**Data shown**
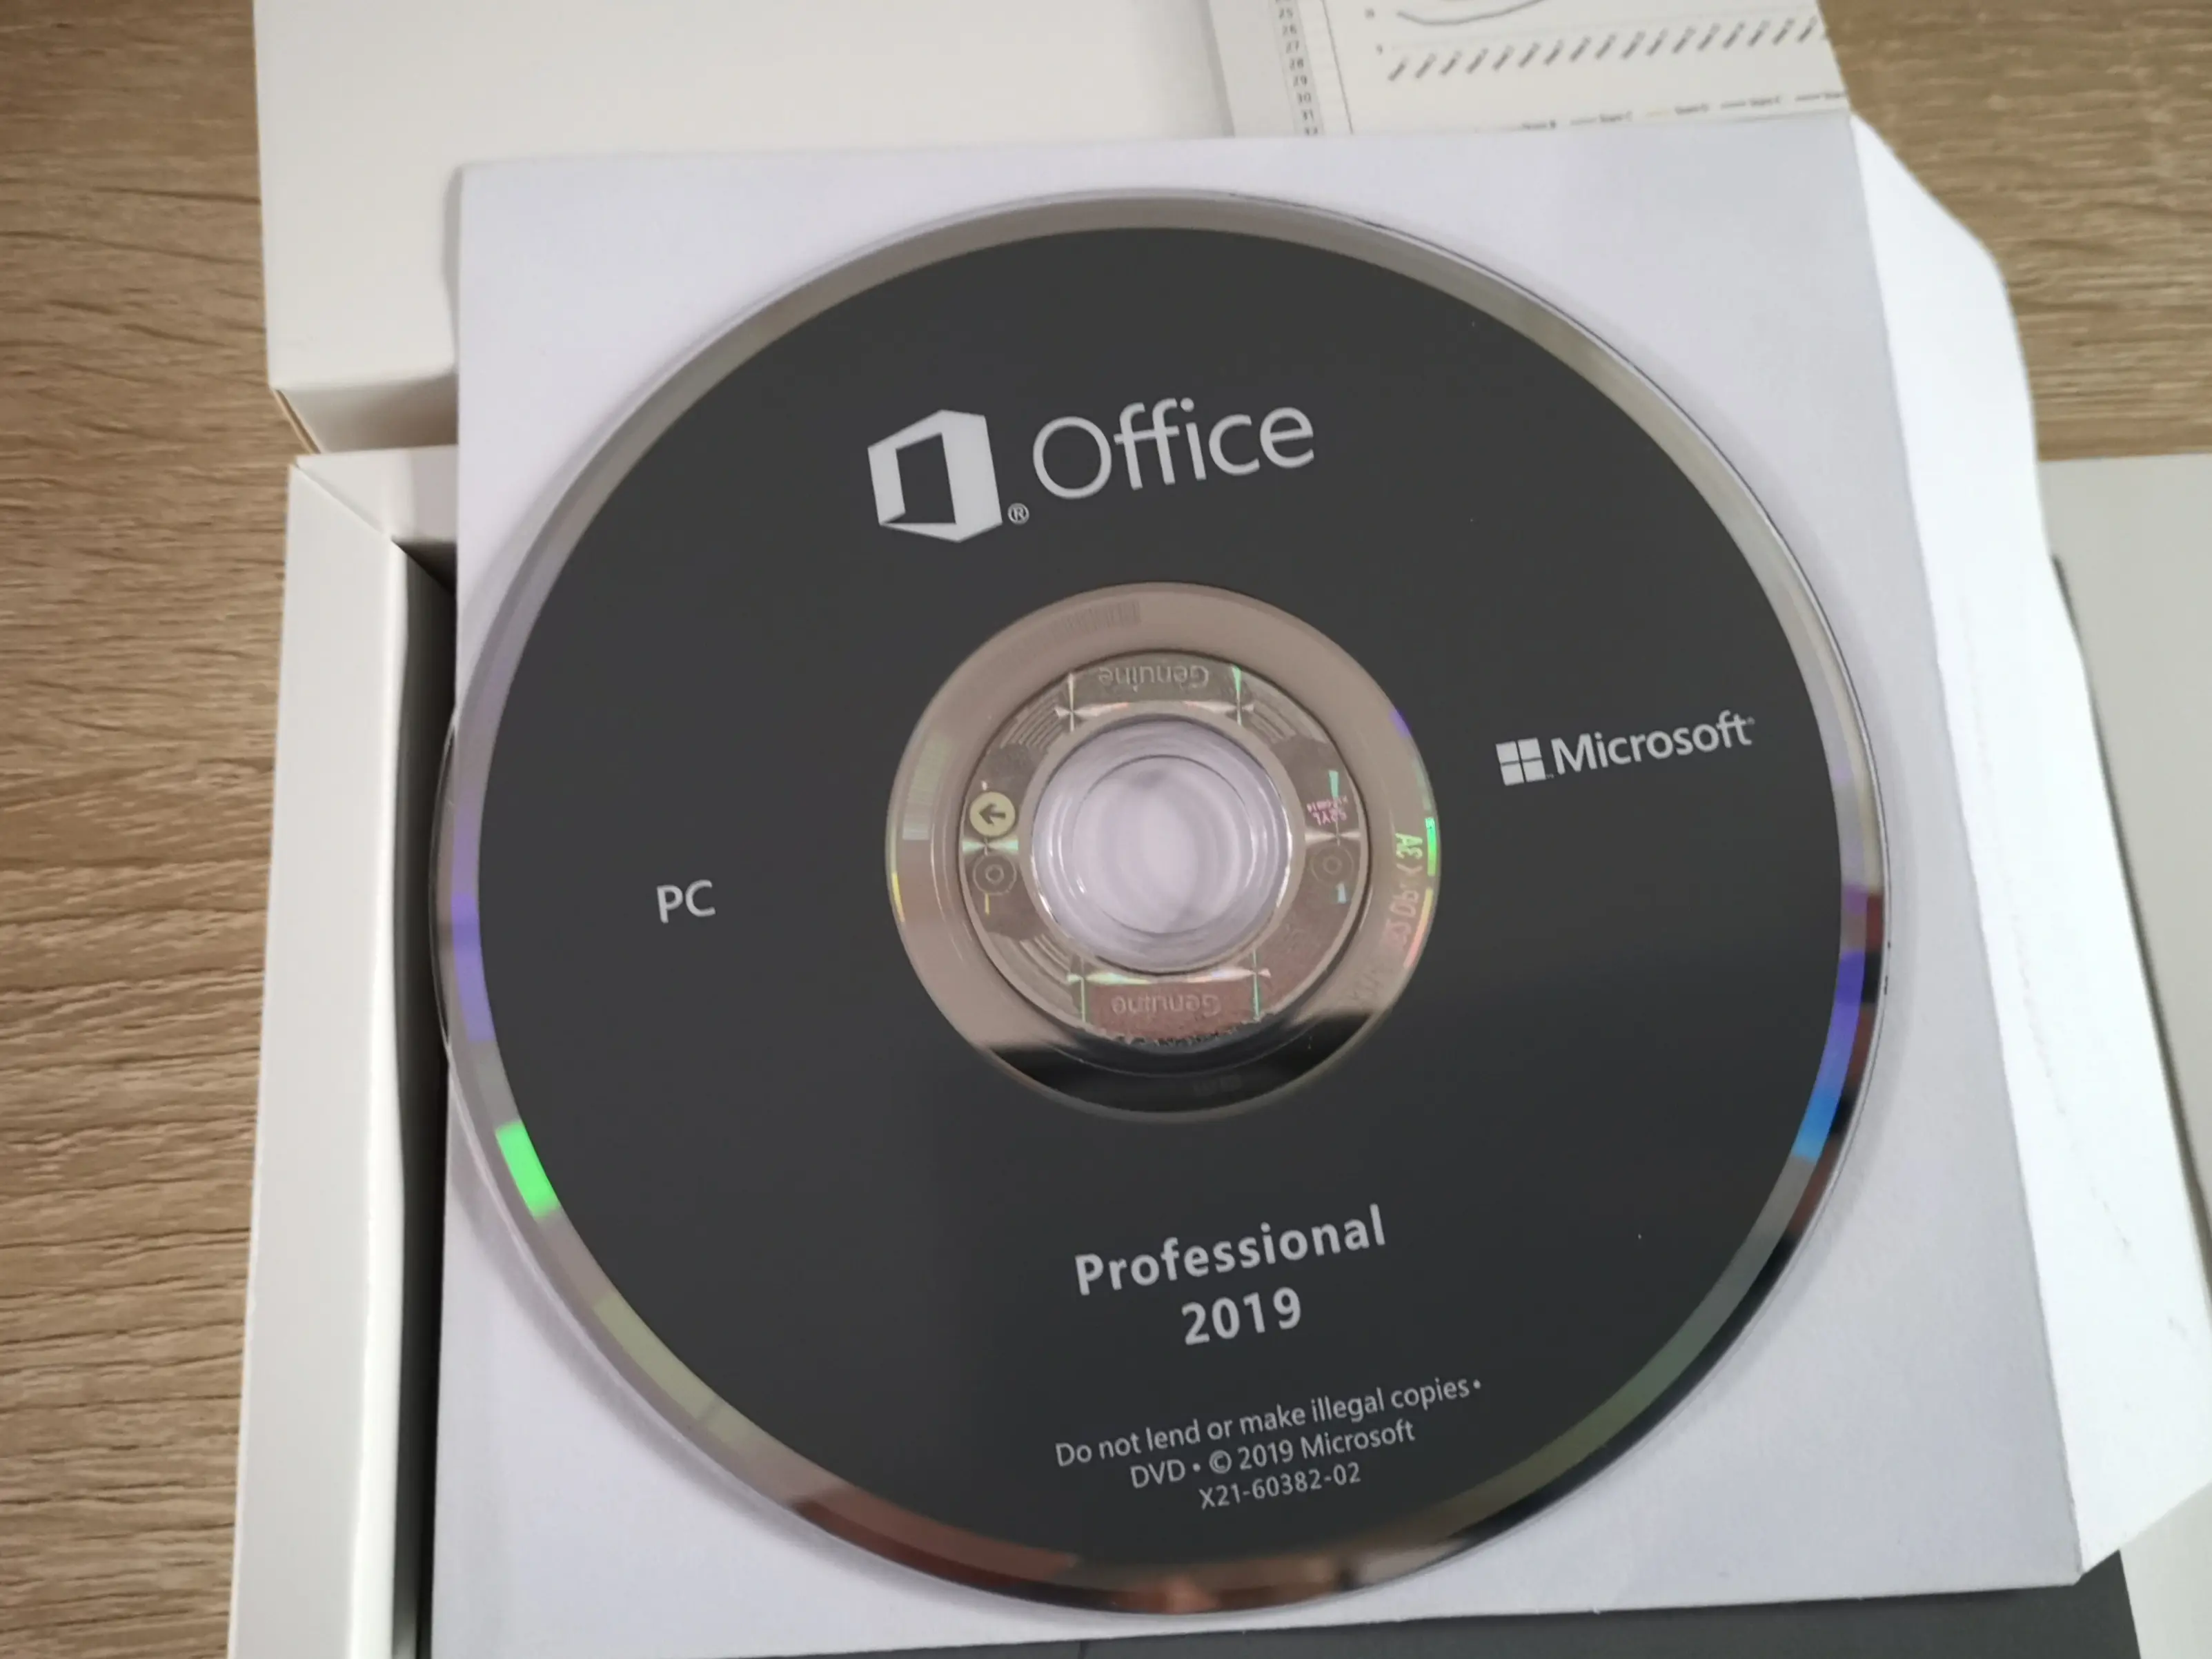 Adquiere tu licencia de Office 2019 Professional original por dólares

==

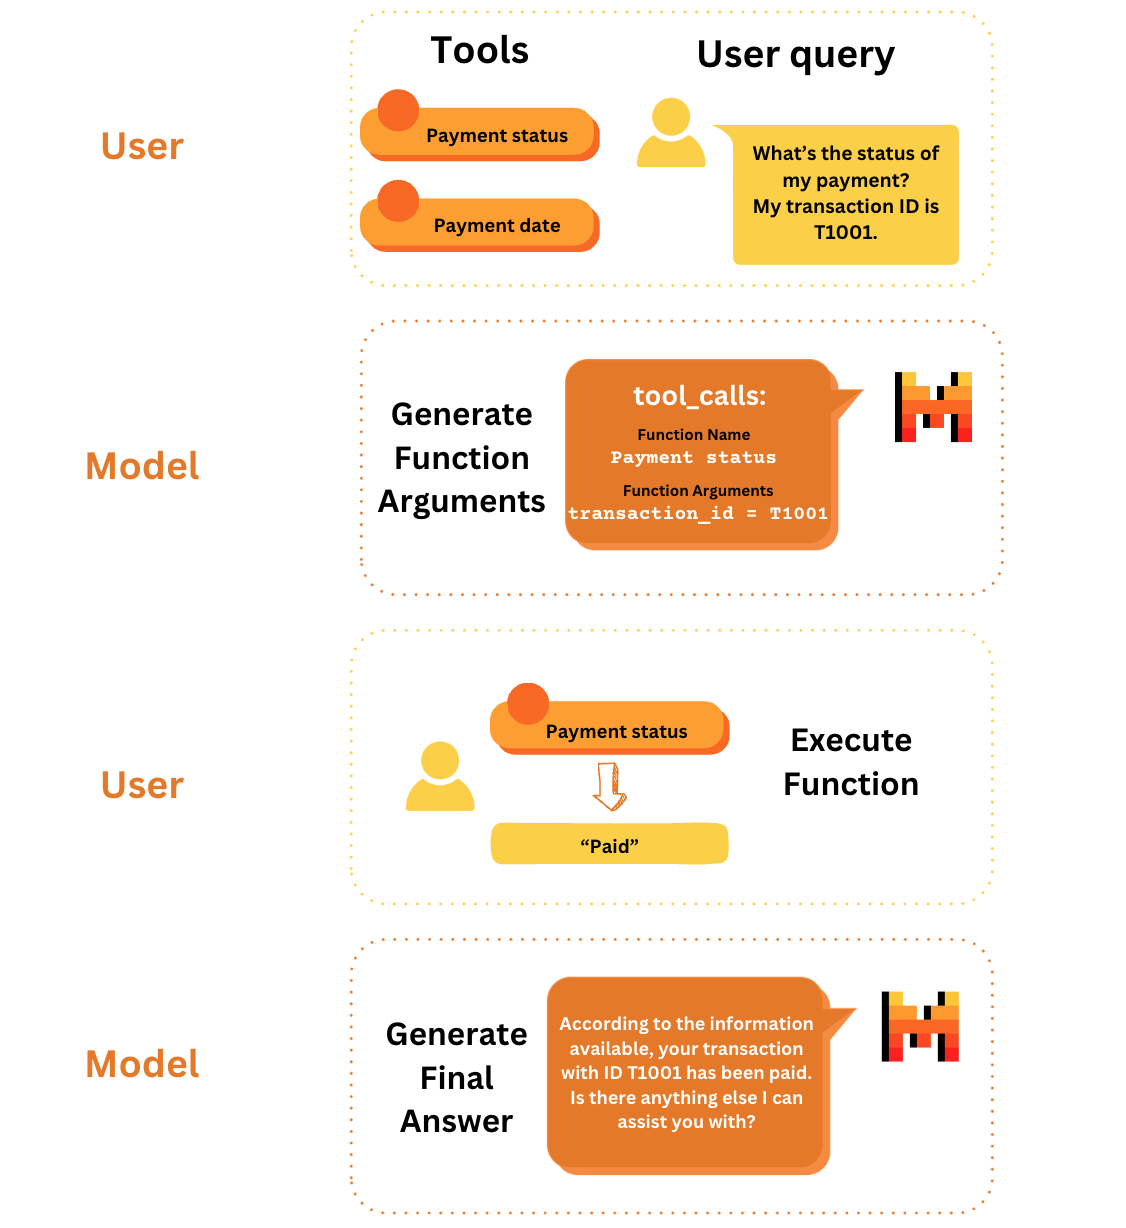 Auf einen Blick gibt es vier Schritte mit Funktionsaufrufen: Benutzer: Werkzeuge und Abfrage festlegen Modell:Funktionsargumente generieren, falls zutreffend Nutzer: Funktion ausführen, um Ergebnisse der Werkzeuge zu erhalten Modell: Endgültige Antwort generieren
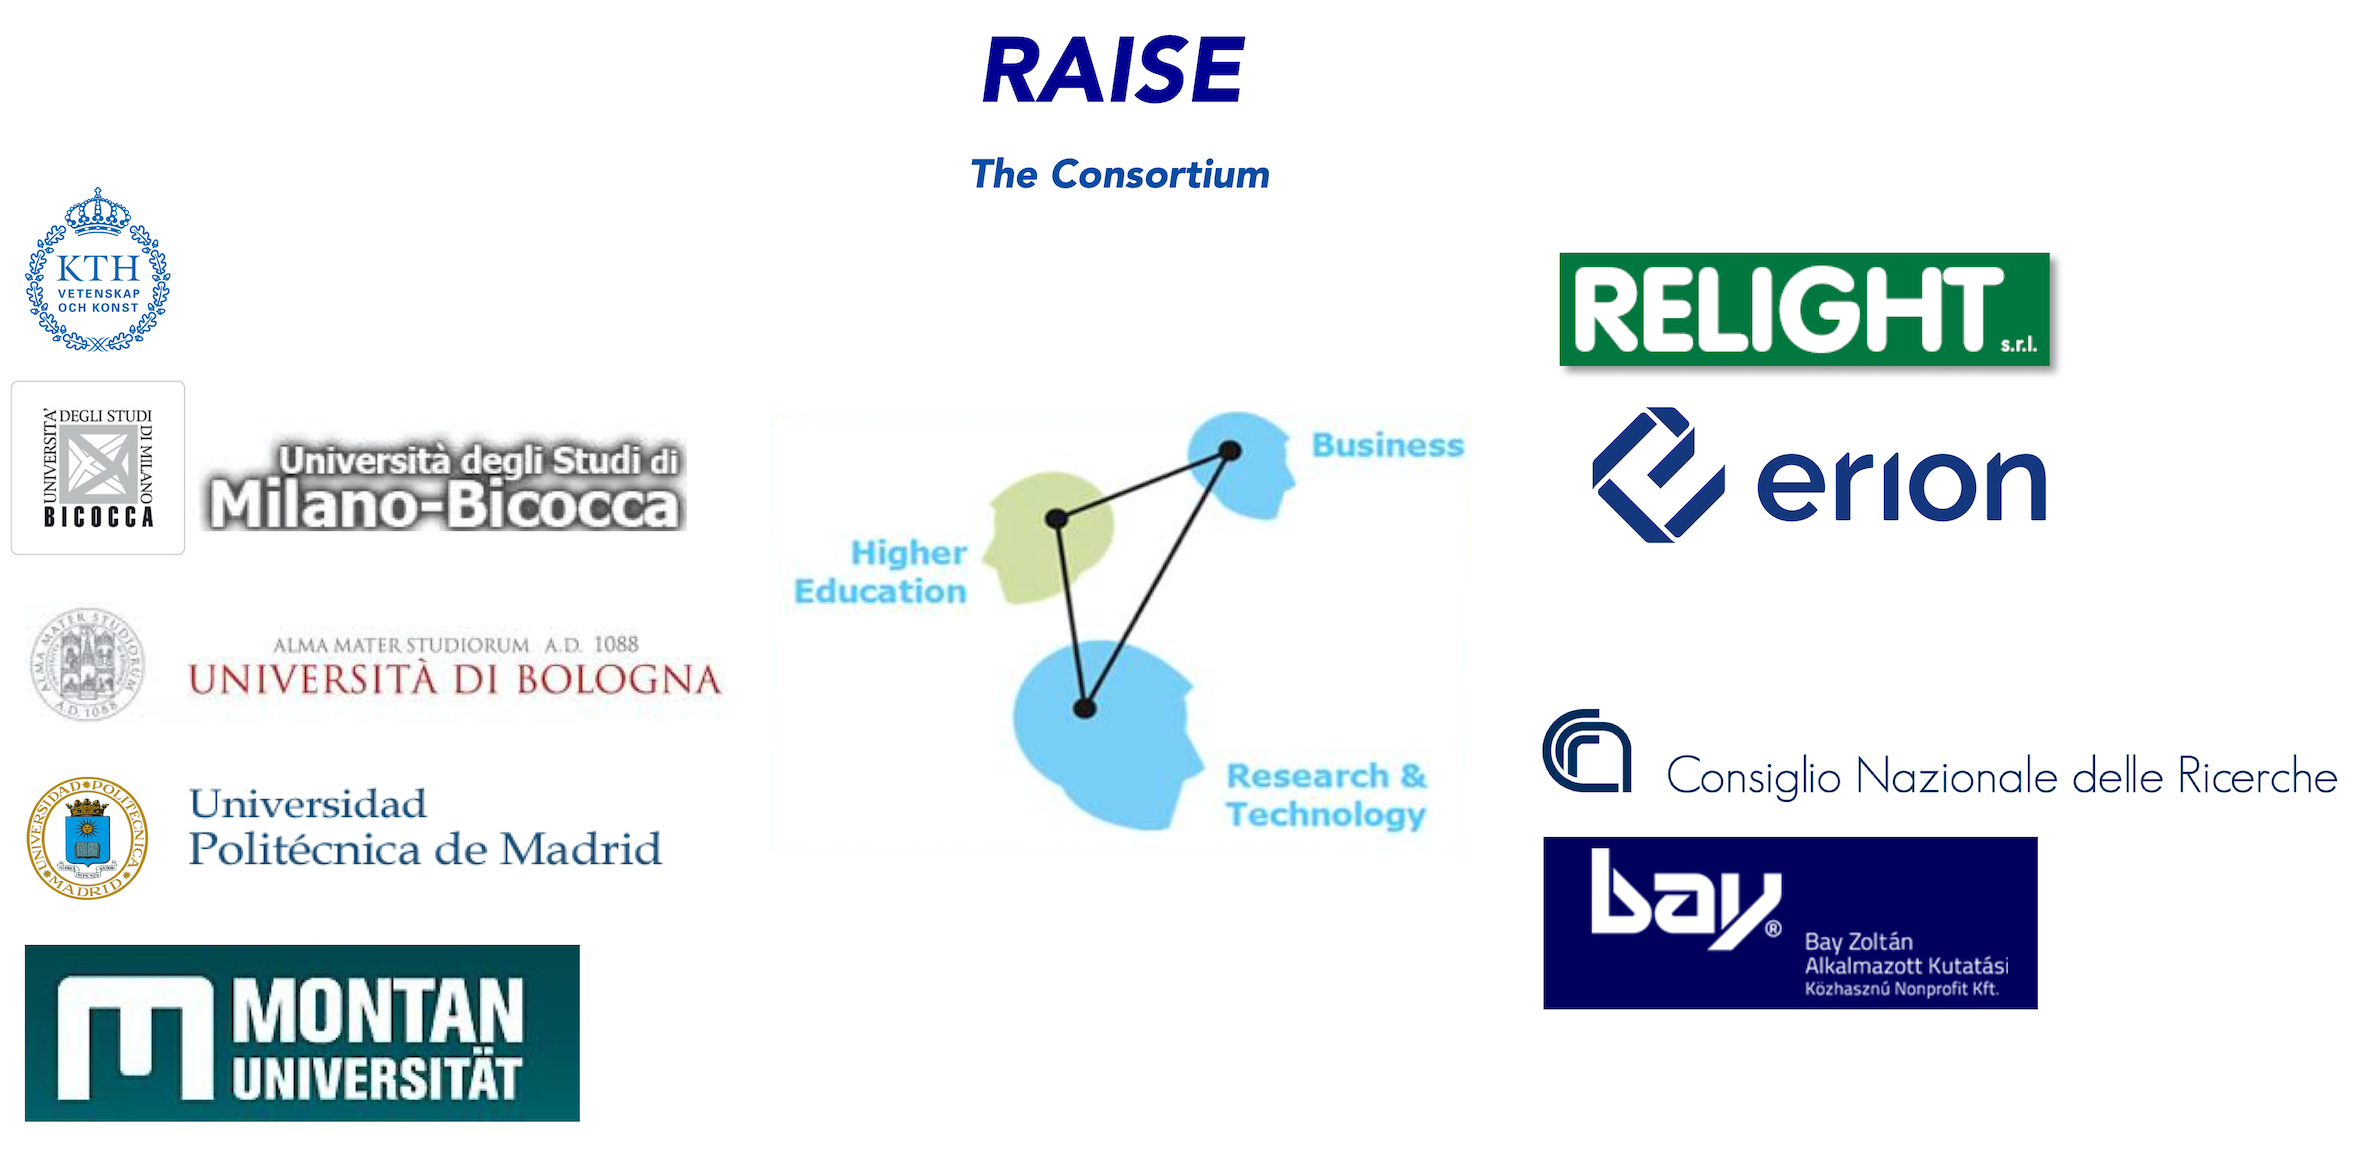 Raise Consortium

* * *

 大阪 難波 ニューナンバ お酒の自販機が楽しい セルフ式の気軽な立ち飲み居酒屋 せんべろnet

**Exercise brief**
Within the listing above, print exactly the stretch beginning at the line that contains "Auf einen Blick" and finishing at the line that contains "Raise Consortium", ends kept, pictures left out, and nothing more.

**Reply to the task**
 Auf einen Blick gibt es vier Schritte mit Funktionsaufrufen: Benutzer: Werkzeuge und Abfrage festlegen Modell:Funktionsargumente generieren, falls zutreffend Nutzer: Funktion ausführen, um Ergebnisse der Werkzeuge zu erhalten Modell: Endgültige Antwort generieren
 Raise Consortium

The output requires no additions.